# Lastest turningz.....



## SDB777 (Aug 13, 2011)

Made some Eastern Red Cedar pens this morning. After all, the thunderbangers that went through last night made the thought of firing up the bandsaw mill not so entertaining. Hobby sawyer = not getting covered in mud and trying to explain it to the wife!

Anyway, the lathe is a nice dry place to play after having some coffee!












Trying to get away from the super slick-shiny finishes I've been doing lately and get back to something that looks more like a piece of purty wood!



Thanks for looking!
Scott B


----------



## zacker (Feb 8, 2012)

nice pens... 
I have some..I think its cheery burl?? not sure, its been so long since i got it i forgot..lol but, its drying and will be pens one day! Cant wait to turn them. Also been doing more turning tool making than actuall turning..lol and collecting wood from my woods. Found a nice sized chunk of Spalted maple and a bunch of Ambrosia maple, two pieces that are going to the mill to make slabs for a coffee table and a 8 x 6 beam for a mantle. Just got a 16" x 6' hunk of Hickory this weekend too. Lotsa wood, not much time.


----------



## swift4me (Feb 9, 2012)

Very nice pens. I too like the finish like that. I'm not a pen guy, but on my waterfowl calls I really like a softer finish, despite the toughness of CA and others. Always a trade off I guess. I finally checked out your website and I'm jealous of that milling setup. I could make good use of that thing on some big chestnuts, French oak, birch and cherry.

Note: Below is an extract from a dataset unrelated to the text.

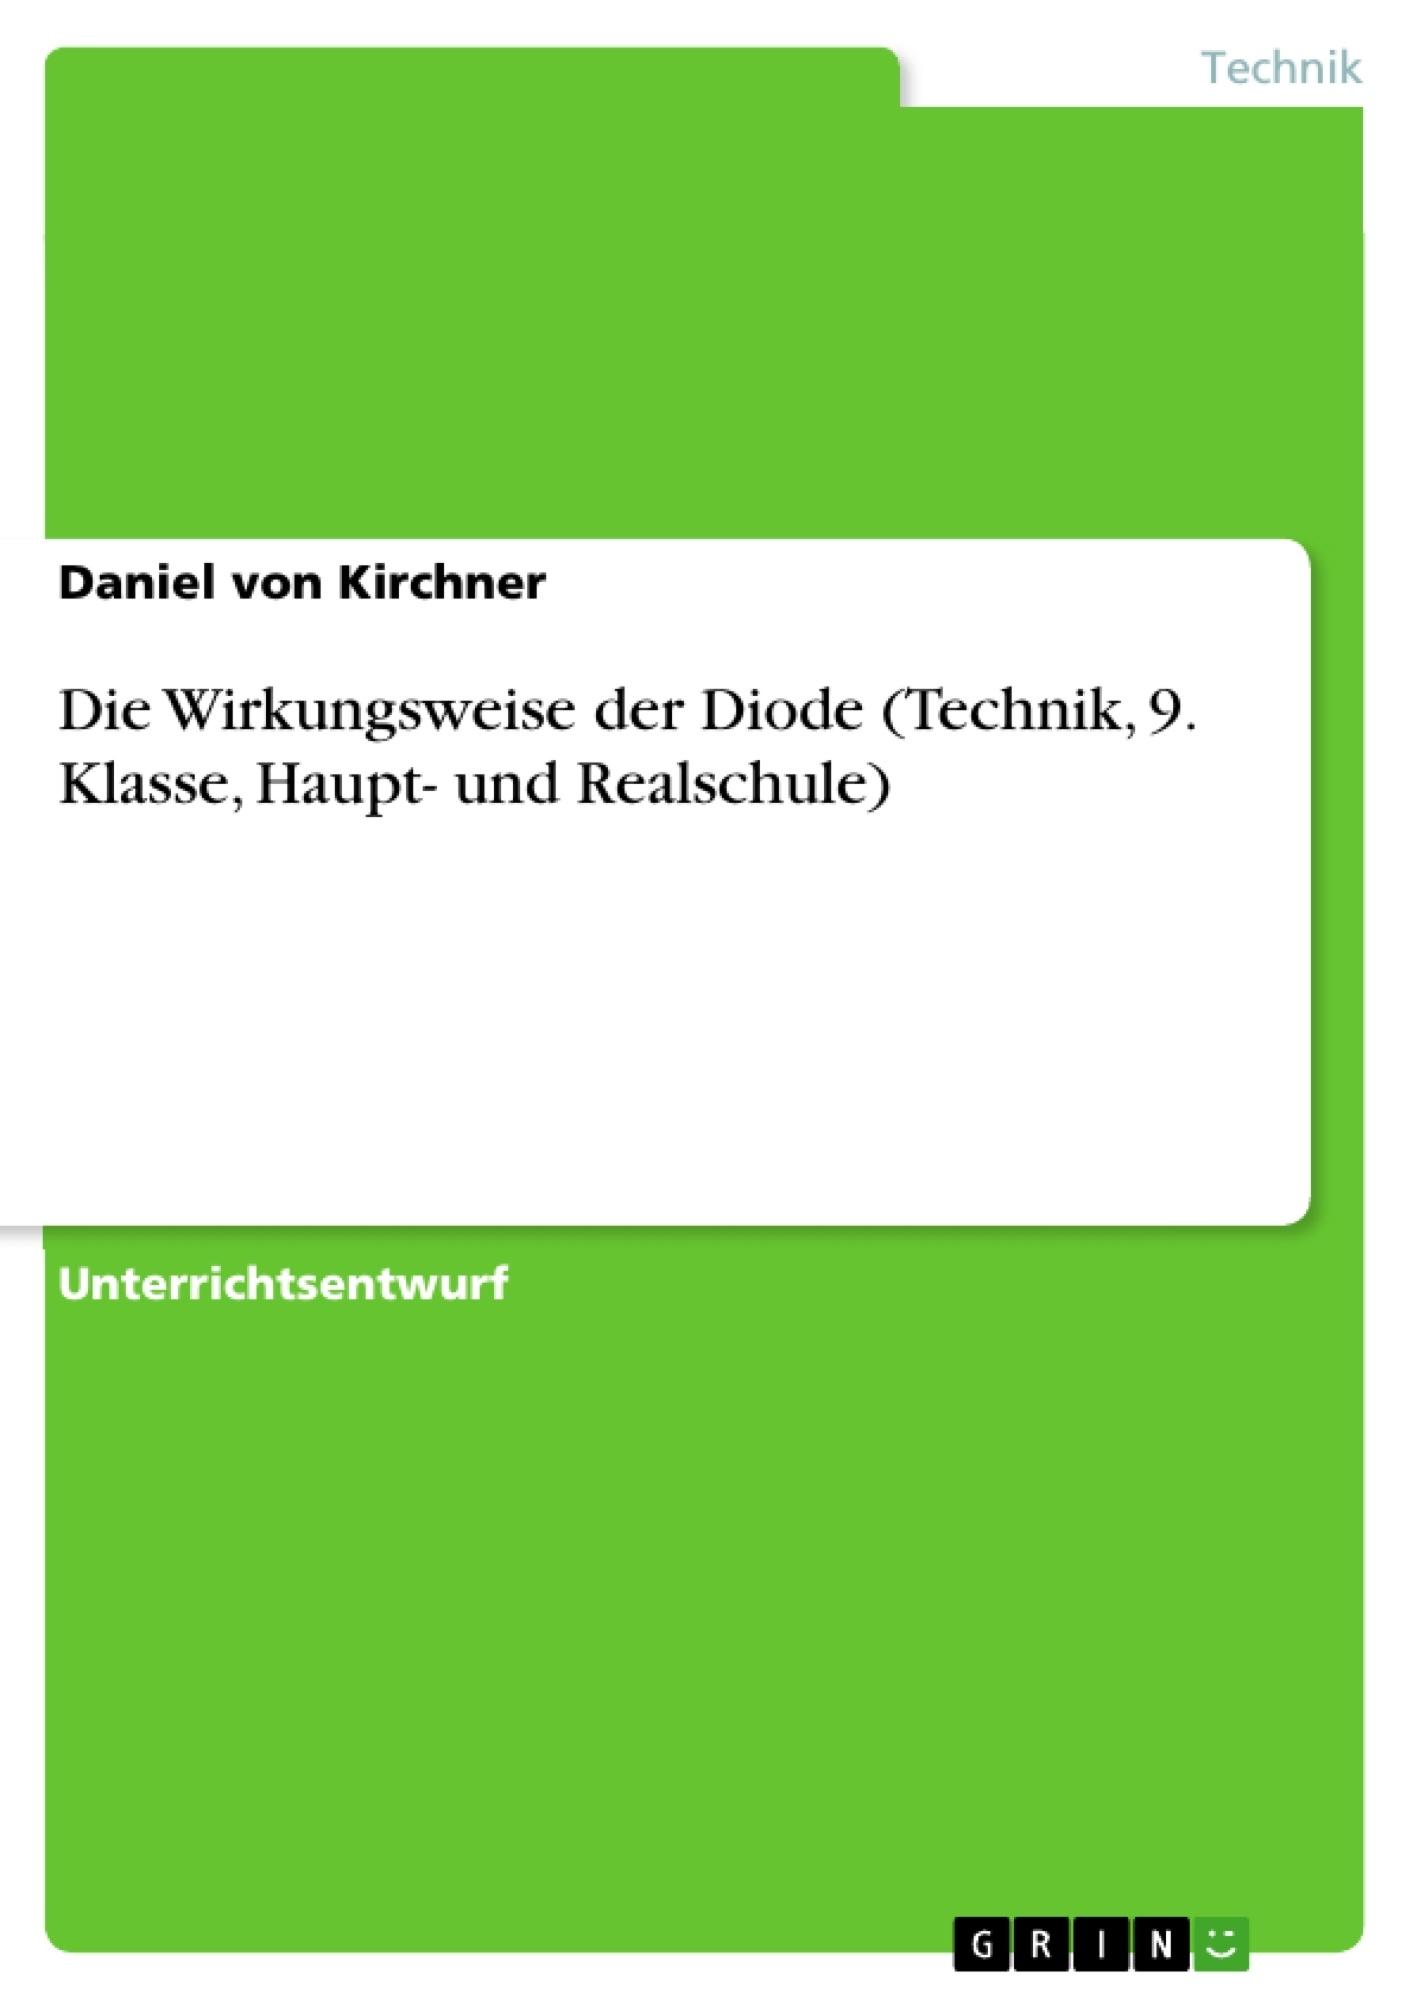 Titel: Die Wirkungsweise der Diode (Technik, 9. Klasse, Haupt- und Realschule)

I finaly bought a decent sized bandsaw so at lest cutting my own blanks from found wood is a little less dangerous.
Good job.

Pete


----------



## zacker (Feb 9, 2012)

Hey Scott, I just looked at your site. 
Are the pen blanks listed there still in stock? Also, i love the walnut slabs... great pricing too....wow! 
Wish I lived a little closer though.. CT to AR would take me awhile...lol but if you still have those blanks id be interested in getting a few... also, do you ever cut bowl blanks? say 10" or 12" square x 3 or 4" tall? Thanks!


----------